Douleur d'enseignant, douleurs d'enfants par M. J. Villaume

J’enseigne en classe de CM2 en ZEP, je suis maître formateur et militante aux CEMEA.
Je n’ai pas de cancre dans ma classe, que des élèves en souffrance affective ou éducative. Ils manquent cruellement d’adultes identificatoires. Leurs repères sont de bric et de broc…l’attention est globalement fugace, ils ont du mal à soutenir leur effort, mais quelle explosion de joie, quelle hystérie parfois, quand ils constatent qu’ils acceptent leur réussite. Nous manquons cruellement de thérapeutes pour nous aider à décrypter les blocages, à apaiser les douleurs, canaliser les débordements, les « trop pleins de manques ». Nous aurions aussi besoin de thérapeutes pour les maîtres, car combien est grande leur souffrance !
Pour moi, c’est douloureux de constater les dégâts chez les enfants, puis de voir les limites de mon action. Les élèves sont intelligents, vifs, mais leur disponibilité est fuyante… Je passe beaucoup de mon énergie à les apaiser, les rassurer sur leurs compétences…et beaucoup d’énergie aussi à les cadrer, à les ramener sur un terrain relationnel où leur colère doit s’exprimer mais surtout ne pas se retourner contre eux… Je travaille avec un thérapeute sophrologue qui entend ma propre douleur ; je me sens apaisée par ces séances, cela me permet de garder de la distance pour ne surtout pas être aspirée par le goufre des blessures des élèves.
M. J. Villaume

Eugène, de cancre à proviseur…

Un autre exemple de cancre qui, pour relever d’une logique différente, n’en est pas moins caractéristique du phénomène : E. Ducale, proviseur.

Primaire convenable et secondaire de misère avant d’être renvoyé du lycée à la fin de la classe de 4ème (à l’époque lycée), sans que je ne comprenne bien ce qui se passait. Je me suis aperçu bien plus tard que je m’y ennuyais profondément, je n’y faisais quasiment rien d’autre que rêver.

Mon père me place à l’usine avant 15 ans, deux années d’apprentissage  puis deux CAP.

Onze ans pendant lesquels je porte un intérêt important à la vie sociale.

A 26 ans concours de professeur technique (préparation personnelle et CNED). Reçu en excellente place. Second concours du même domaine à 38 ans et nouveau (brillant) succès. Sollicité, je candidate à 39 ans pour devenir proviseur de LP. Reçu et nommé. A 41 ans proviseur de lycée. A 53 ans proviseur de lycée de la catégorie la plus élevée et autres responsabilités de niveau académique en formation pour adultes. Reconnaissances et décorations institutionnelles…Toujours sans baccalauréat !!!

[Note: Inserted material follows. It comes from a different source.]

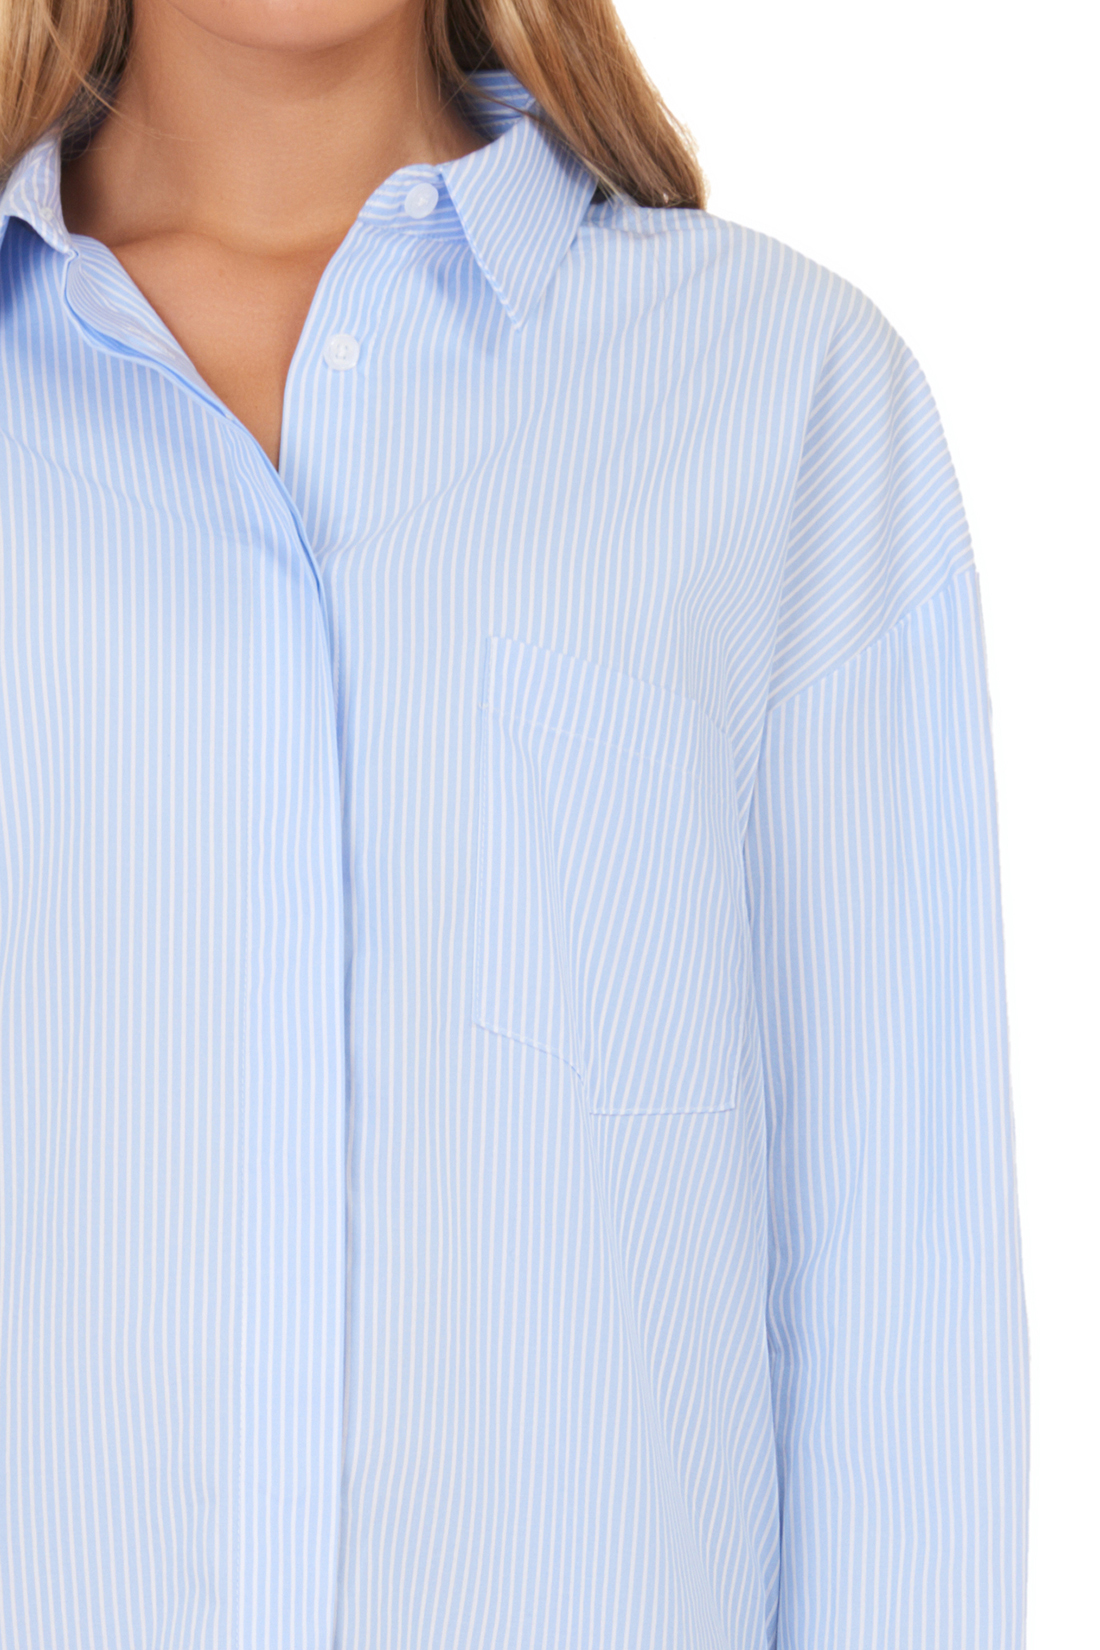 Прямая рубашка в полоску (арт. baon B177516), размер L, цвет белый Прямая рубашка в полоску (арт. baon B177516) - фото 4

J’ai constamment eu une pratique professionnelle atypique (de plusieurs points de vue : regard sur l’élève, engagements pédagogiques personnels, sens de l’entreprise, du projet, de la dynamique…).

Un souci permanent m’a fait observer cet élève là… et pas sa classe (encore moins sa classe d’âge…)

Le milieu professionnel, le monde enseignant, (profondément fonctionnaire) me l’a fait payer chèrement en fin de carrière en raison du dérangement, souvent du malaise que j’ai créé, autour de moi, dans mon parcours en demeurant sensiblement différent (pas dans le moule !).

Je suis ainsi convaincu d’être ainsi resté le cancre de mon enfance !

Je reste profondément marqué par mon parcours (cancre -> proviseur) et quelque part (maintenant que j’ai quitté le milieu enseignant pour le monde économique et la création d’entreprise) assez fier (mais ça, je le garde pour moi).